The octet rule is a key principle in chemistry that suggests atoms tend to form bonds until they are surrounded by eight electrons, giving them a configuration similar to that of noble gases. This concept helps chemists predict the types and numbers of bonds that atoms will form in a molecule. For example, in xenon trioxide (\( \mathrm{XeO}_3 \)), the goal is to arrange the electrons so that each atom ideally has eight electrons around it, satisfying the octet rule.

In most cases, oxygen atoms prefer to follow the octet rule by forming two bonds each, accommodating 6 valence electrons plus the 2 shared electrons from a bond. Xenon, however, is an exception. Being a noble gas, xenon can expand its octet due to the availability of empty 5d orbitals. In \( \mathrm{XeO}_3 \), the structure with zero Xe−O double bonds satisfies the octet rule for all atoms, offering each atom the required eight electrons.

This violation largely occurs because xenon can form more than five bonds, leading to a greater electron count around itself. Therefore, while \( \mathrm{XeO}_3 \) involves structures that challenge the octet rule, it showcases xenon's unique capability of expanding beyond eight electrons. This illustrates how elements in the lower periods can sometimes disobey the octet rule due to their expanded valence shells.

Resonance structures are multiple ways to draw a molecule's Lewis structure, showcasing different positions for a given pair of electrons. In essence, these are the structures that cannot be defined by a single Lewis structure due to the delocalization of electrons.

For xenon trioxide (\( \mathrm{XeO}_{3} \) ), there are a few resonance structures arising from the possible placements of double bonds between xenon and oxygen atoms. In the case of one or two Xe-O double bonds, the molecule can have differing structures by shifting the locations of these double bonds. For instance, with one Xe-O double bond, moving this bond among the three oxygen atoms results in two possible resonance structures. The same logic applies to \( \mathrm{XeO}_3 \)  with two Xe-O double bonds, leading to more resonance possibilities.
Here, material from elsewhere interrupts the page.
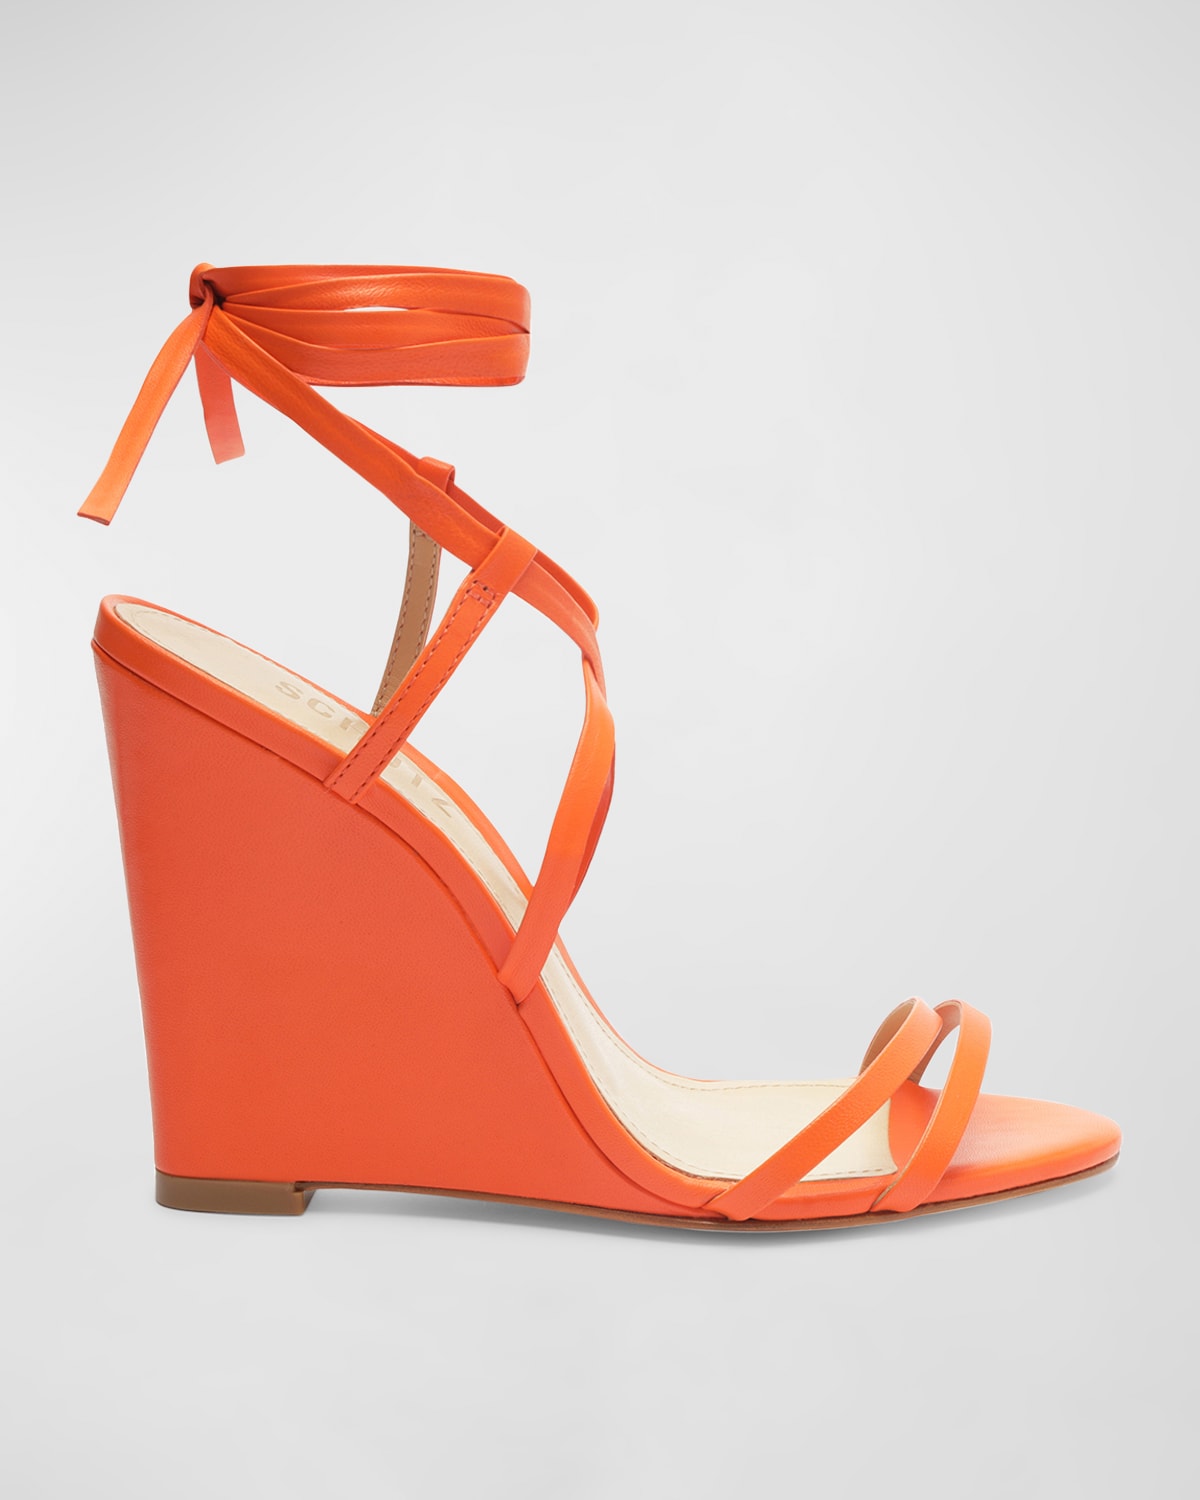 Schutz Deonne Leather Ankle-tie Wedge Sandals In Flame Orange
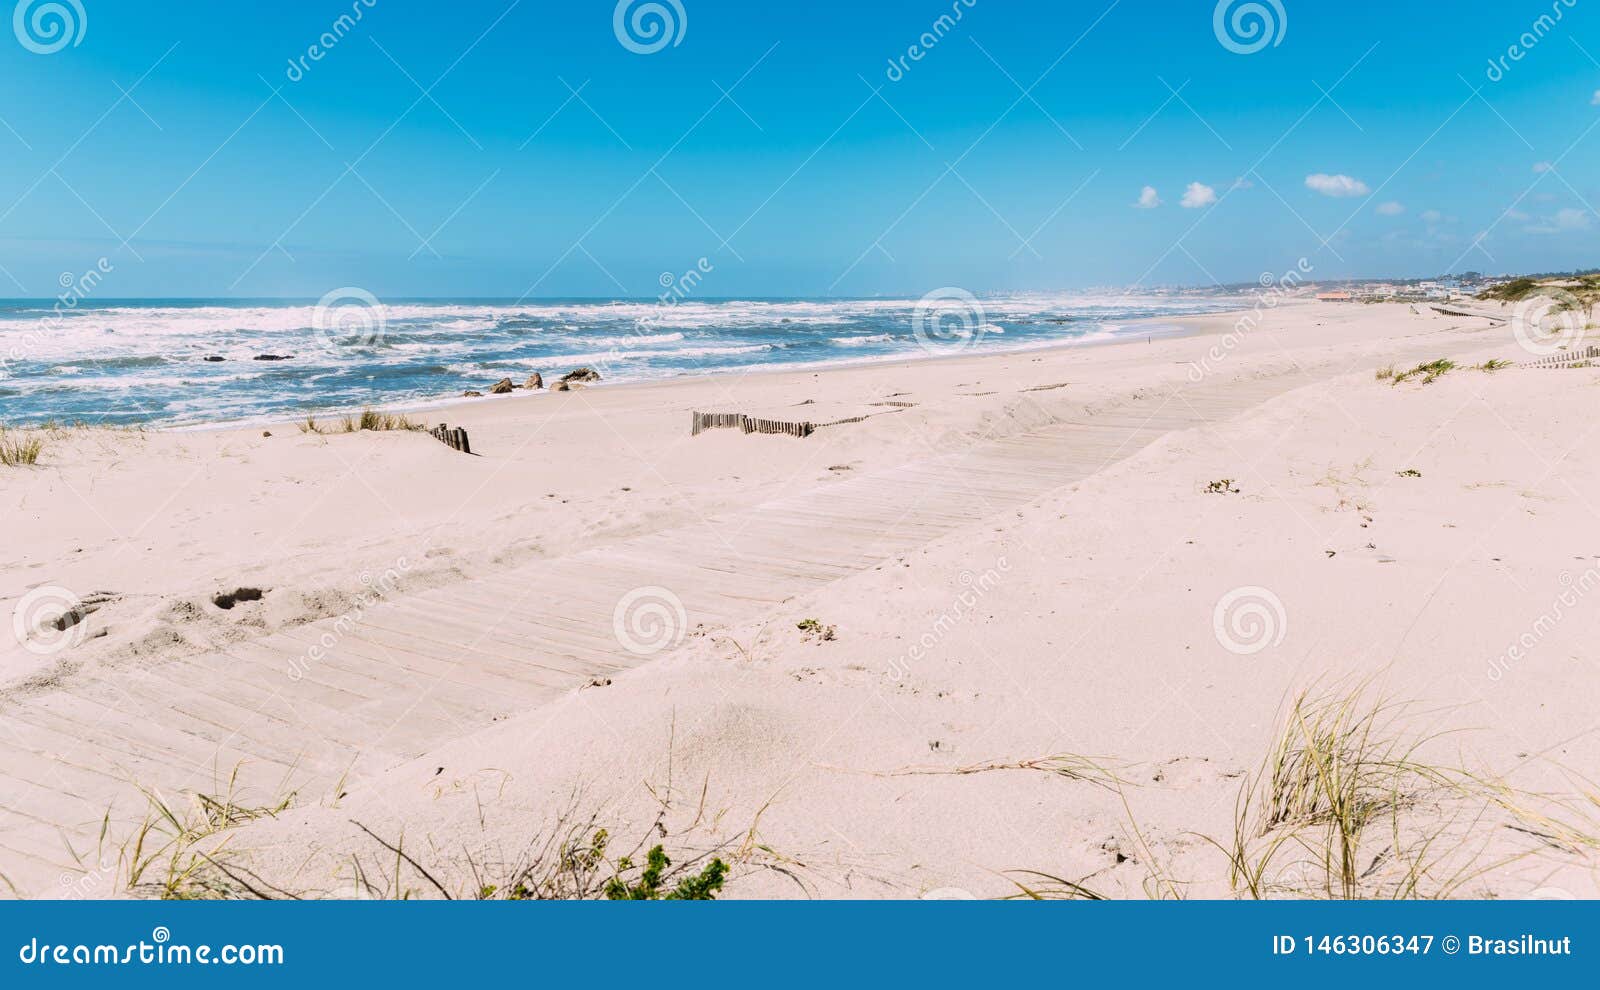 wooden boardwalk at the praia da frente azul, in english the blue beach front in the seaside resort espinho

These resonance structures do not imply real positional changes of the bonds, but rather a hybrid of all possible drawings, where electron distribution is spread across the structure's bonds. It's crucial to understand that each resonance form is a way to represent the molecule’s overall electron distribution, which is essentially a combination or "average" of all potential structures.

The concept of formal charges helps determine which Lewis structure is the most stable by assessing the hypothetical charge an atom would have if all bonding electrons were equally shared. The calculation helps discern whether electrons are being evenly distributed across a molecule.

For xenon trioxide (\( \mathrm{XeO}_{3} \) ), optimal formal charges are determined through calculations where the goal is to have the lowest possible charges, ideally close to zero. To calculate formal charges, use the formula:

- Formal charge = (Valence electrons in free atom) - (Non-bonding electrons) - 1/2(Bonding electrons)

Applied to our molecule, among the four Lewis structures drawn, the structure with one Xe-O double bond fares best in terms of formal charges. It distributes the charges across the molecule with Xe having a +2, one O as 0, and the other two O atoms as -1. This configuration keeps the formal charges minimal, thereby suggesting it's the most stable representation for \( \mathrm{XeO}_{3} \) .

Formal charges help not only in identifying the most plausible structure but also aid in understanding polar characteristics of molecules and their reactive behavior, providing critical insights into molecular chemistry.